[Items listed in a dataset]

==*==

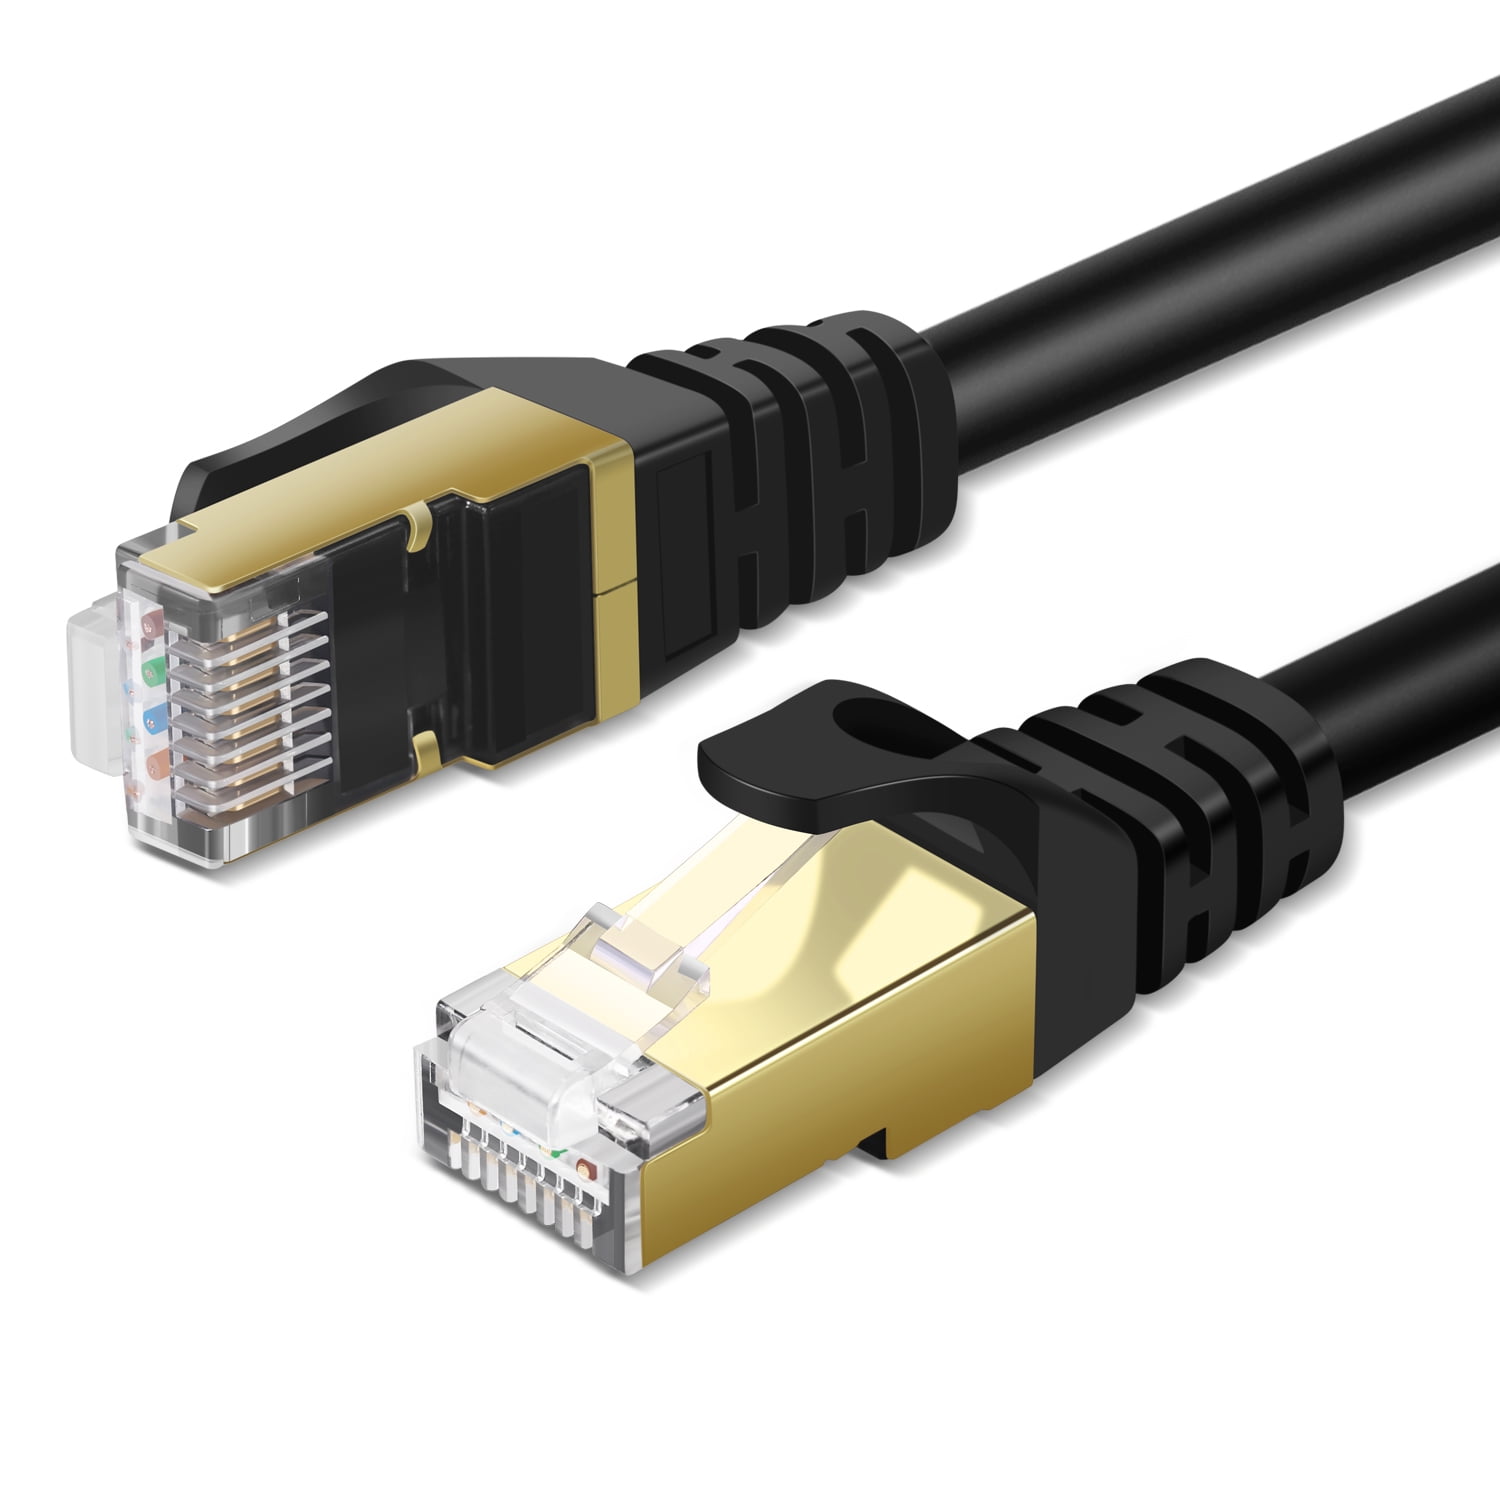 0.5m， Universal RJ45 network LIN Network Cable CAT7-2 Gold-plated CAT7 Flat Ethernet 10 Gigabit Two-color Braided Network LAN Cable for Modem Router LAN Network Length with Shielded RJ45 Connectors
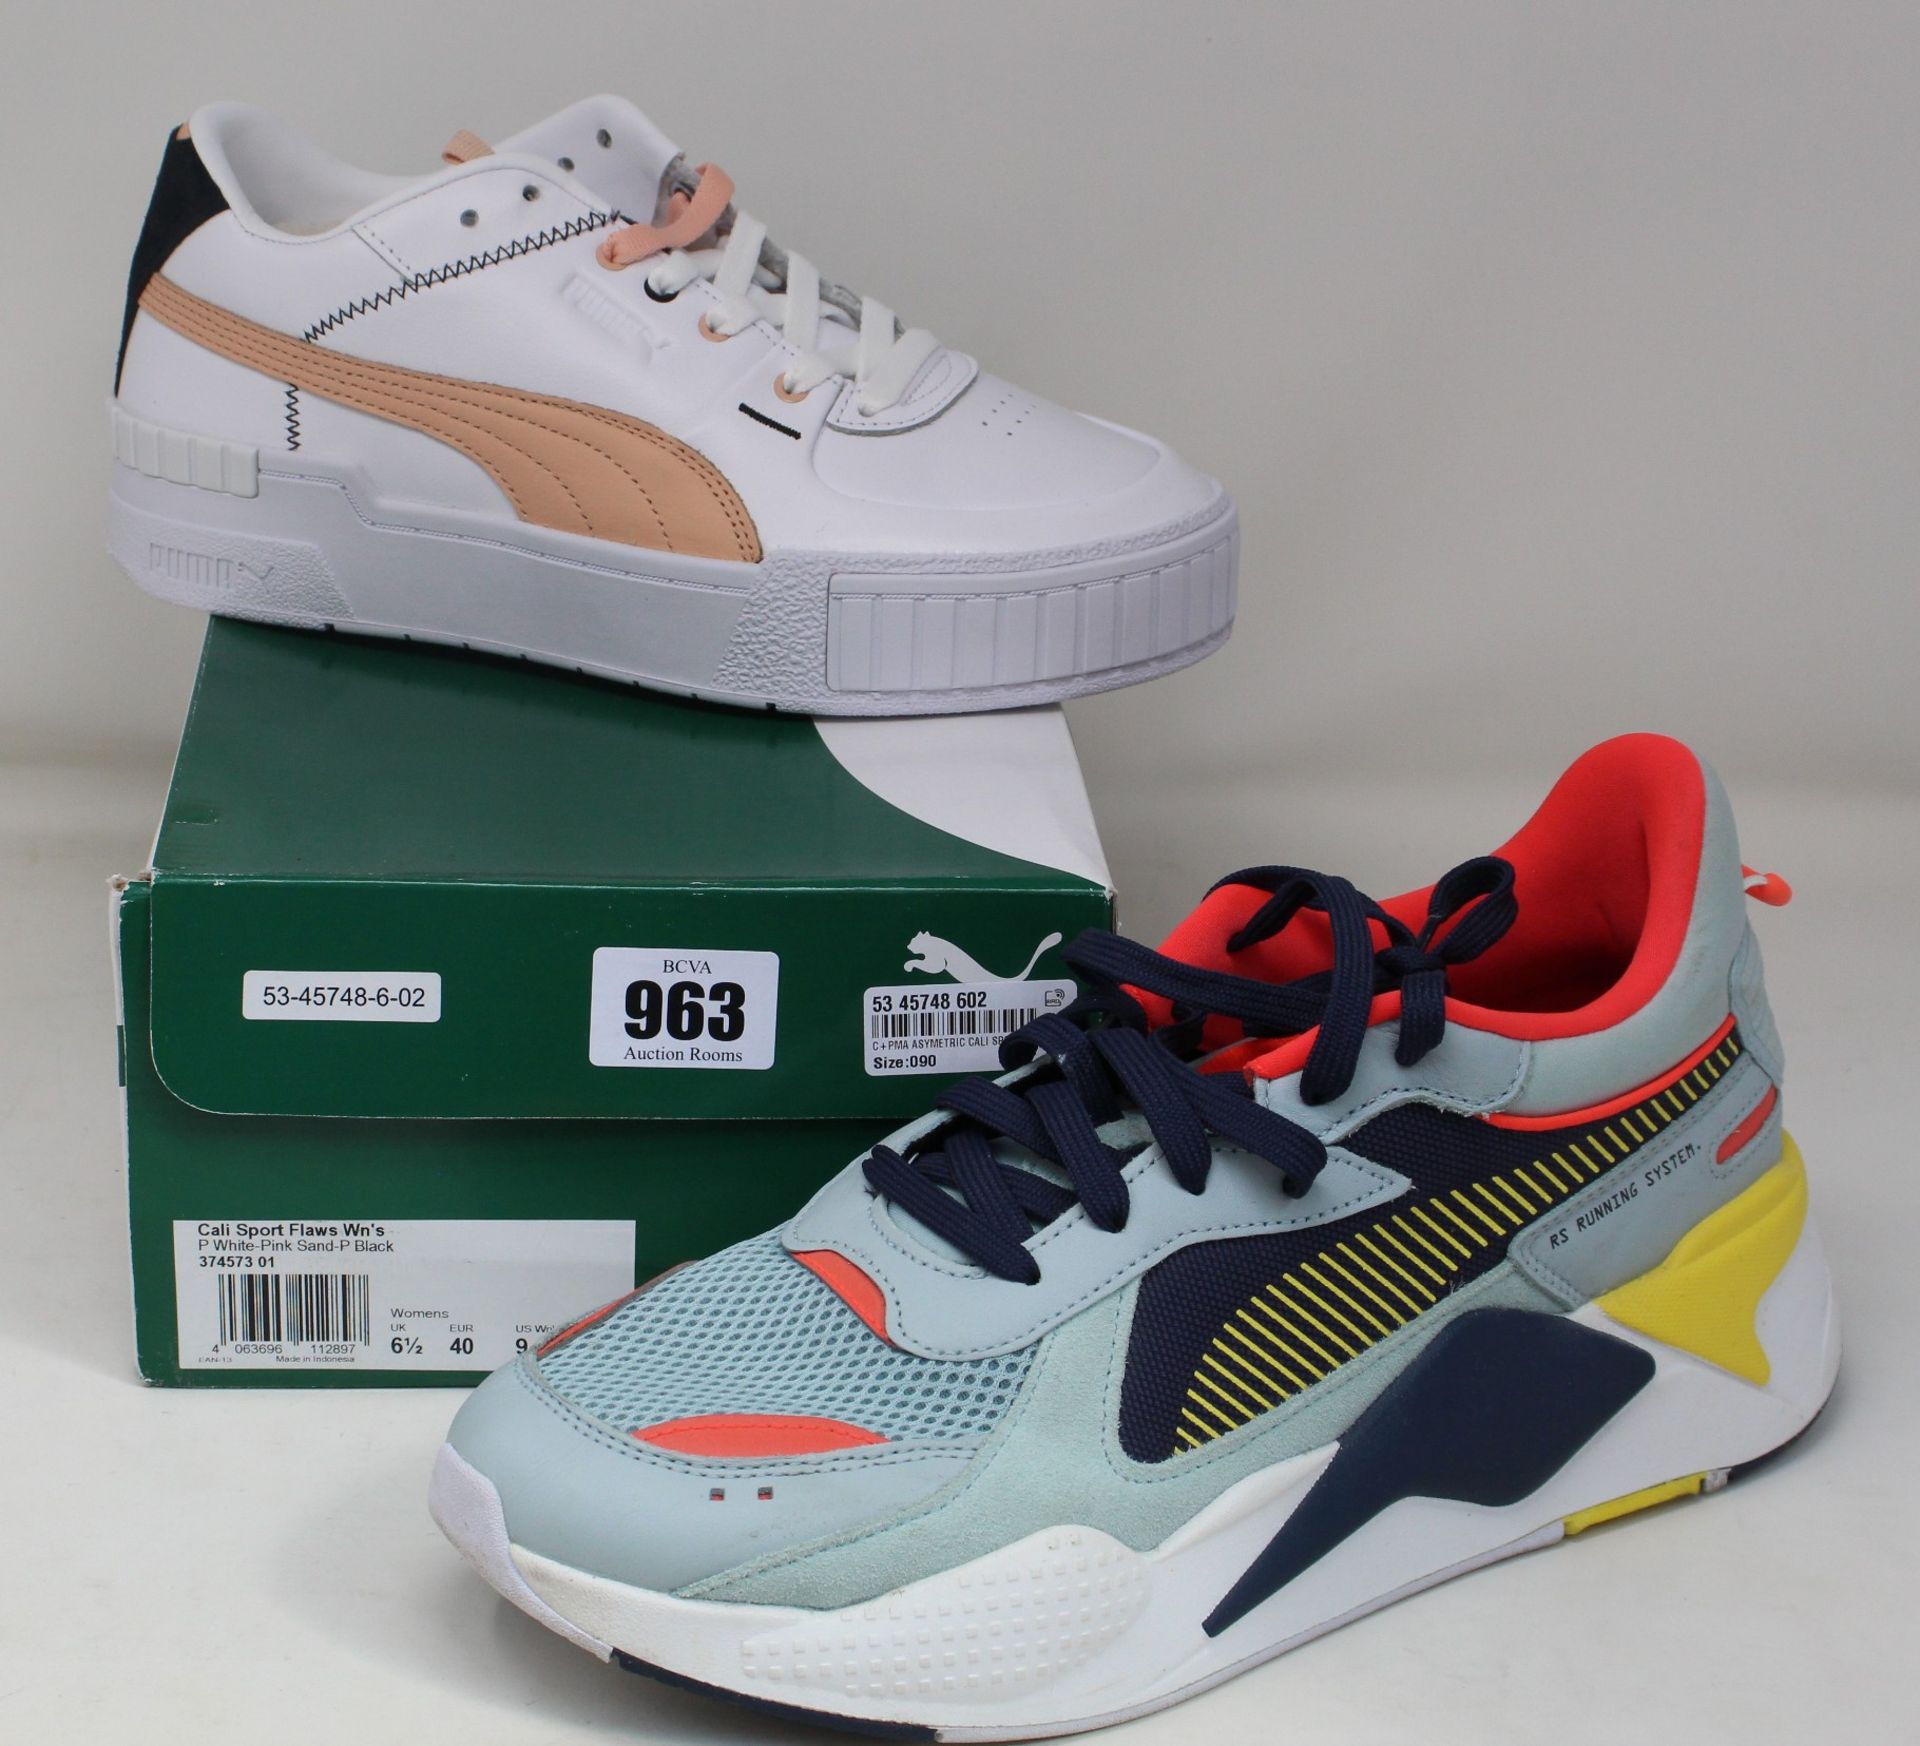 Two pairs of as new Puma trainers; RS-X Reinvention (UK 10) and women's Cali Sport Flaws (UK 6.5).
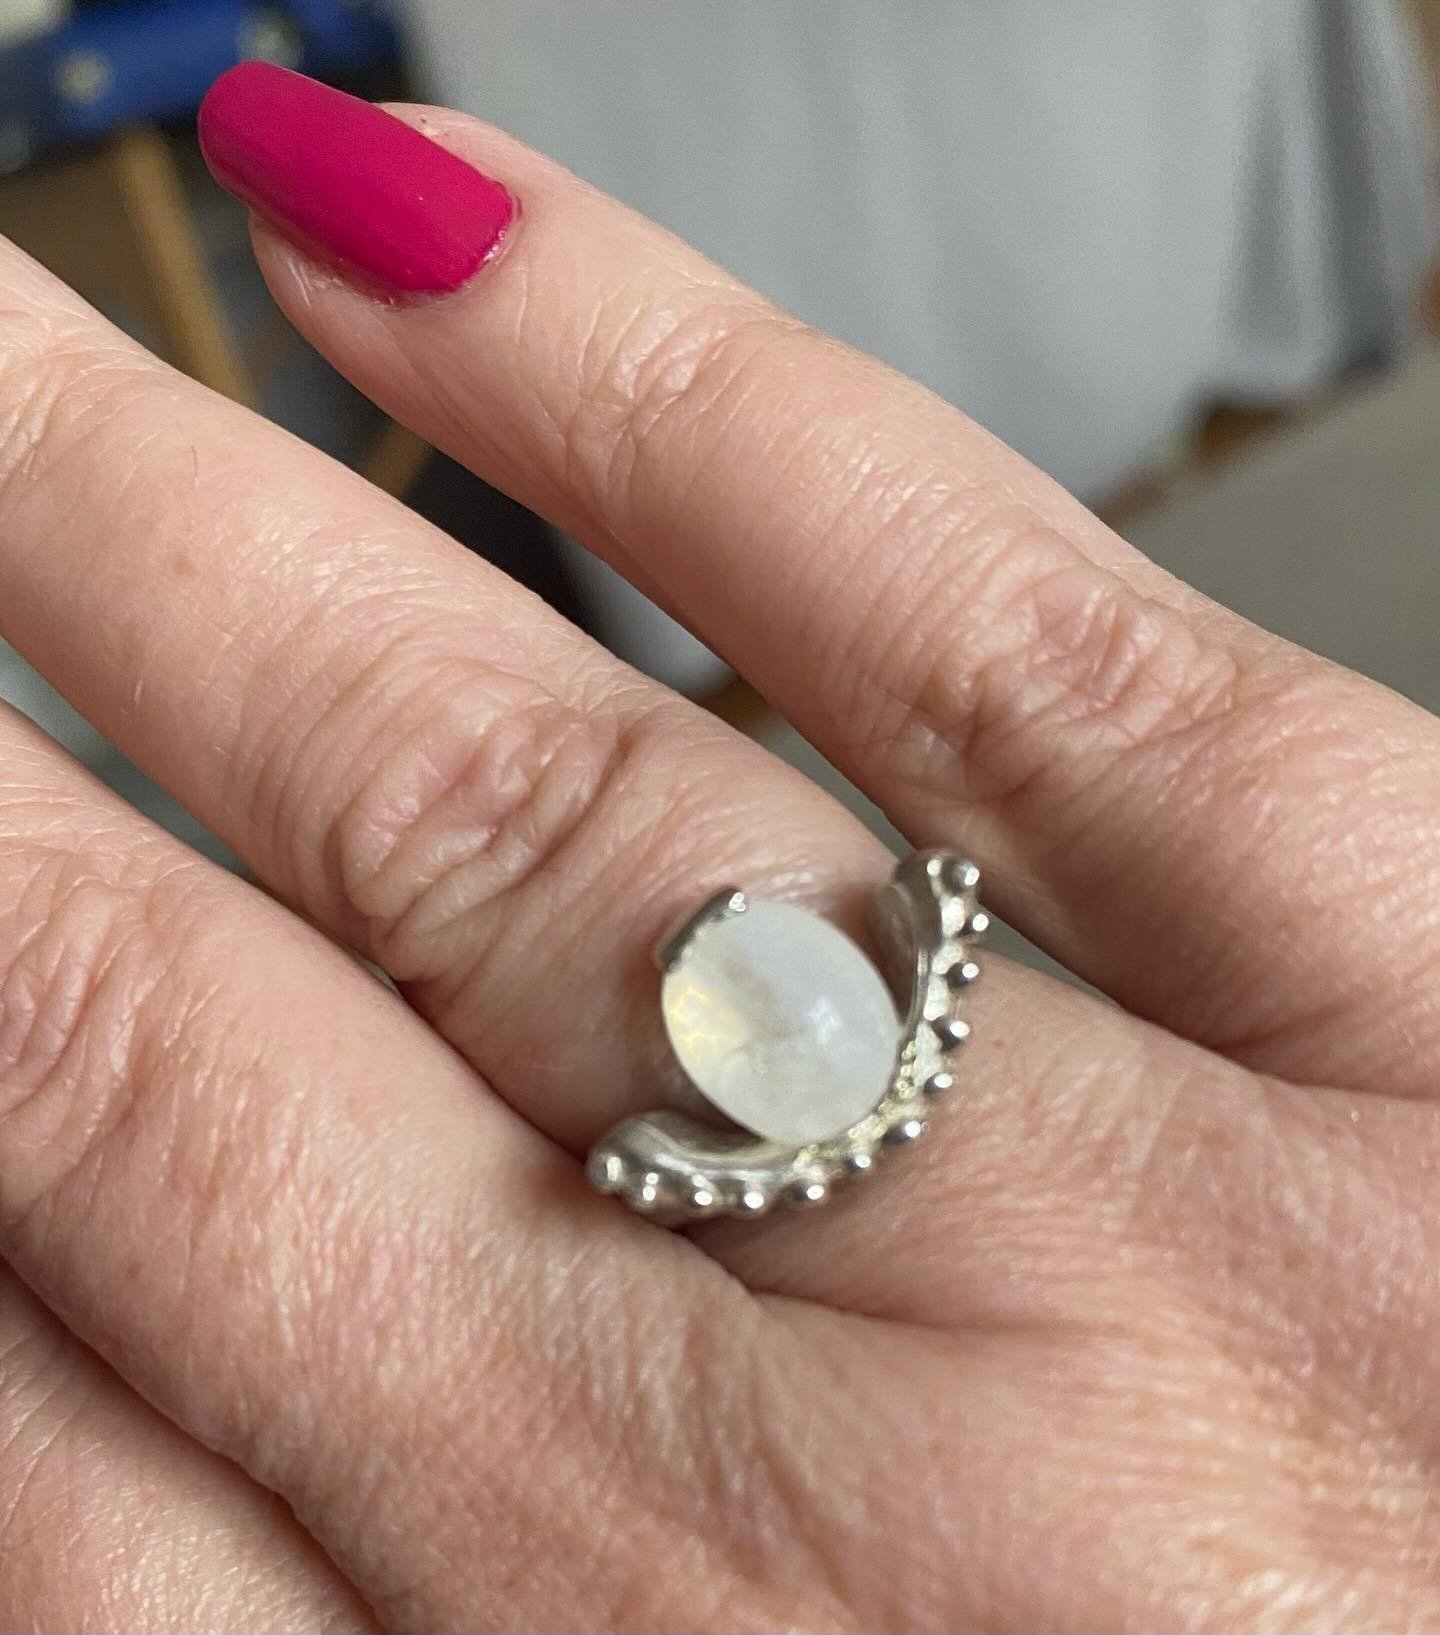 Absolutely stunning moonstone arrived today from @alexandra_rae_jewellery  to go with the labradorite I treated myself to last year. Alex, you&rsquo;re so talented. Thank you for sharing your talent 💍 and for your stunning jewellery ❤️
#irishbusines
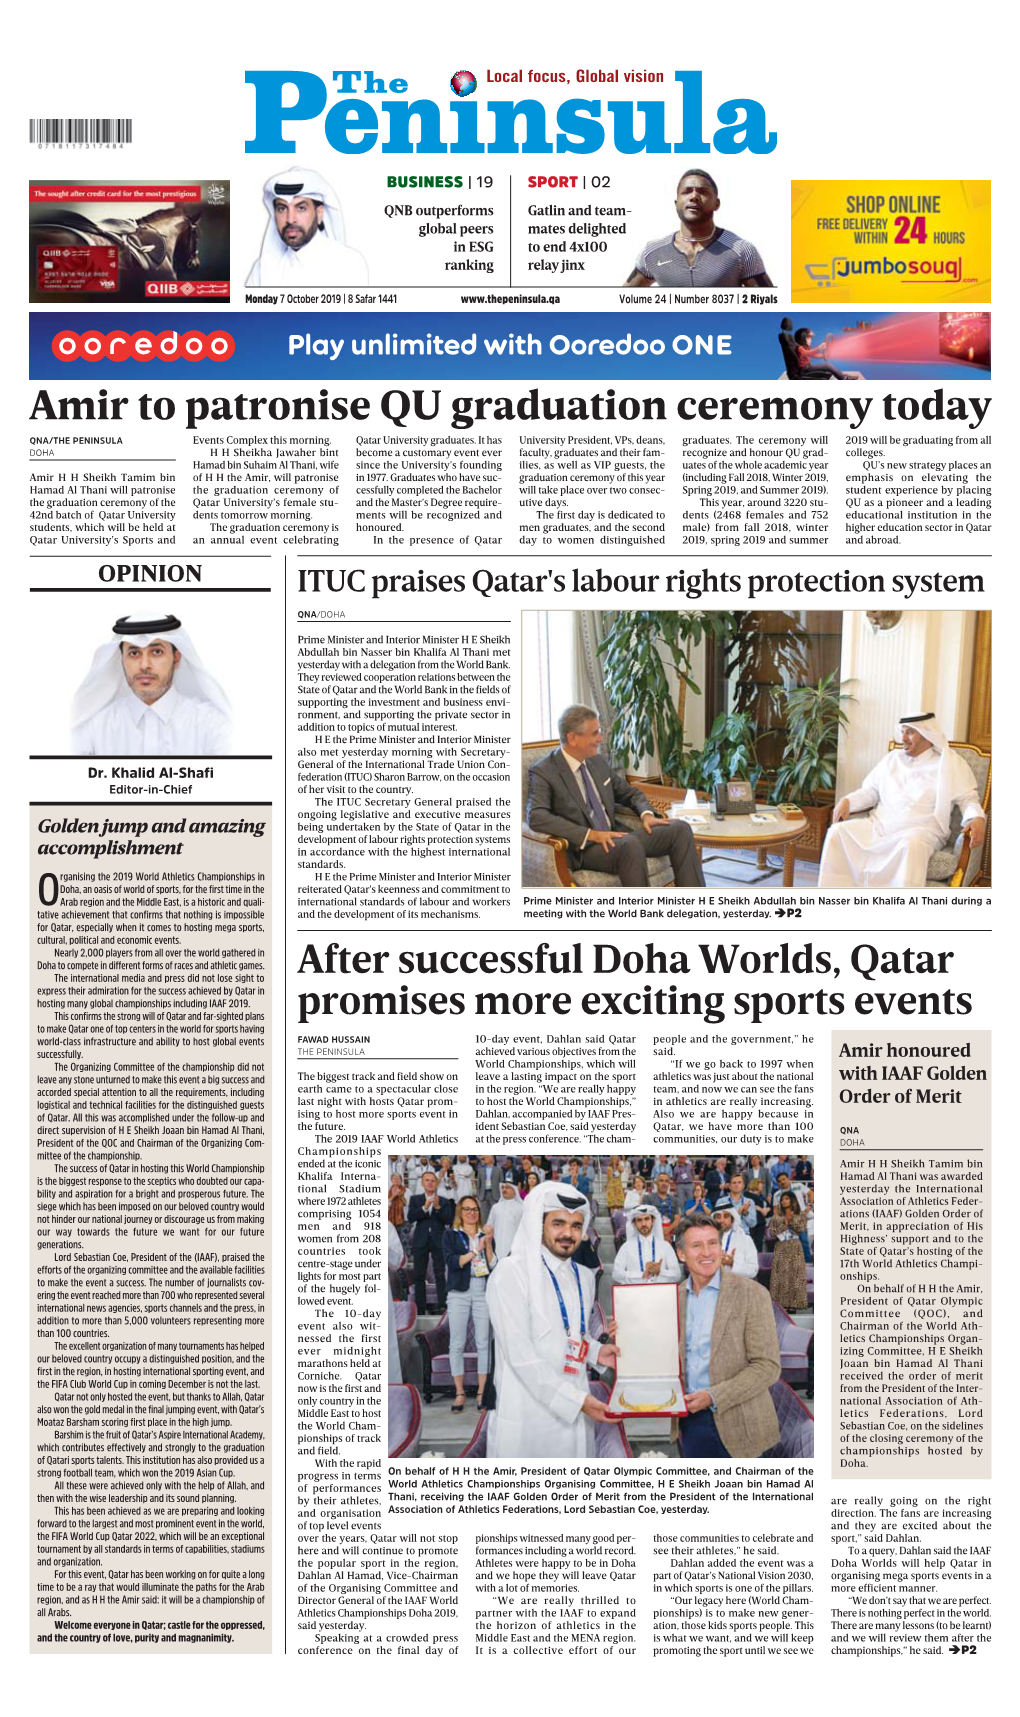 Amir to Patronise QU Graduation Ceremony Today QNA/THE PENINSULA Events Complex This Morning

==*==

--- Exercise ---
Each line of the data above needs to be retyped as it is, without any picture.

--- Answer below ---
 0.5m， Universal RJ45 network LIN Network Cable CAT7-2 Gold-plated CAT7 Flat Ethernet 10 Gigabit Two-color Braided Network LAN Cable for Modem Router LAN Network Length with Shielded RJ45 Connectors
 Two pairs of as new Puma trainers; RS-X Reinvention (UK 10) and women's Cali Sport Flaws (UK 6.5).
 Absolutely stunning moonstone arrived today from @alexandra_rae_jewellery  to go with the labradorite I treated myself to last year. Alex, you&rsquo;re so talented. Thank you for sharing your talent 💍 and for your stunning jewellery ❤️
#irishbusines
 Amir to Patronise QU Graduation Ceremony Today QNA/THE PENINSULA Events Complex This Morning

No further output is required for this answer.